《MUMEI》

「じゃあ、フェルと同調し過ぎるって言うのは、かすりかすりのはずの同調部分が、かすりじゃ済まない位。って事ですか?それとも、一致?」

「一致じゃ、俺と善彦が同じ。って事になってしまう。さすがにそこまでの同調じゃないよ。」

「あ、そうか。」

「ある波と、ある波。2つの波があるとして、まったく正反対の波だとしたら、それぞれの力を相殺して、波は治まってしまう。逆に、その2つの波が全く一緒だと、その力は2倍に膨れあがる。

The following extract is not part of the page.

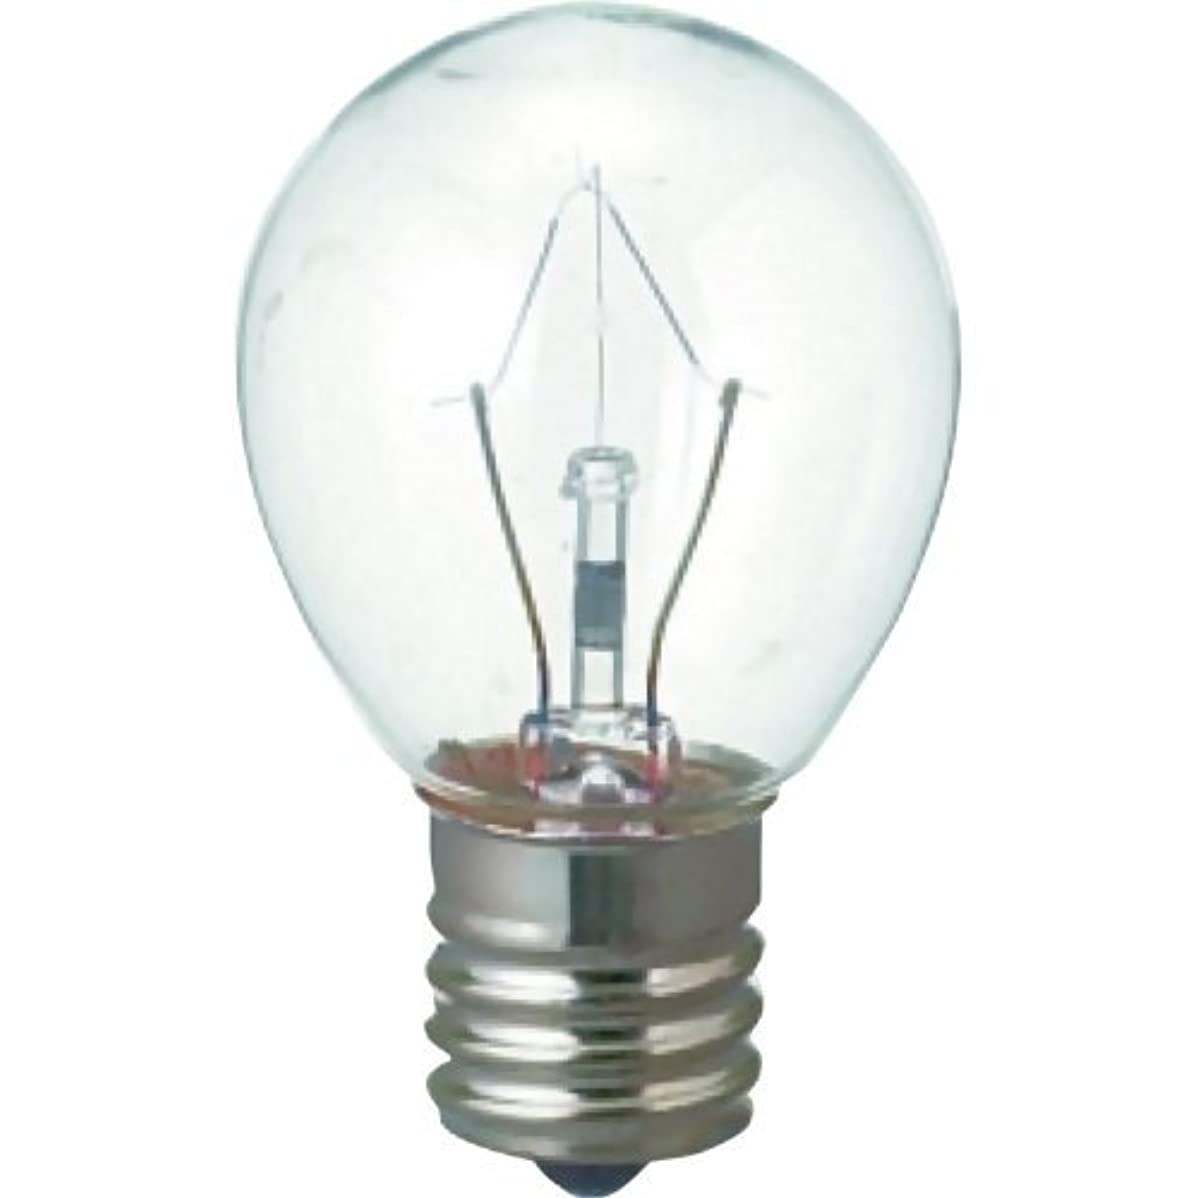 バージン余剰わがままアロマランプ電球 100V25W

これは物理学で習う、単純な波の定義だ。」

「あ、さすが理科教師。知識は生物だけじゃ無いんですね?」

「馬鹿にするな。高校教諭理科の免許取るのに、俺がどれだけ物理と戦ったか…簡単な理屈なら、少しは分かるんだろう?優等生くん?」


なんか、たまに嫌味というか、毒を吐くなぁ山男…と、頭の中では思っても口には出さない。しかし顔にはそれが出ていたらしい。


「はは、どうも俺は昔から口が悪くて…教師って仮面を被っていれば、そこまでは出ないんだけど。今でも被っているつもりだったんだが、善彦の話題がチラチラ出るせいか、ボロが出るな。
そうだなぁ、フェルとの同調ってどの程度なんだろうなぁ。さすがにその生命エネルギーを実際の波形として見たことがあるわけでは無いから…結構良い線言ってる例えだと思ったんだけど、なかなか上手くいかないな。こればっかりは。」

「でも、一致までは行かなくても結構な部分被ってる。ってイメージで良いですか?
先生とサプリ、兄さんとサプリがそれぞれ同調している部分が結構あるとしたら、先生と兄さんが、波長の合う部分があってもおかしく無いでしょう。それであれば、今でも連絡取り合うくらい気の合う友達ってのにもつながります。」

「恐らくそうだな。そして、このフェルとの同調にはさらなる重要な要素がある。」

ワントーン声色を下げた山男が、いつの間にか逸らしていた視線を明智の方へ戻す。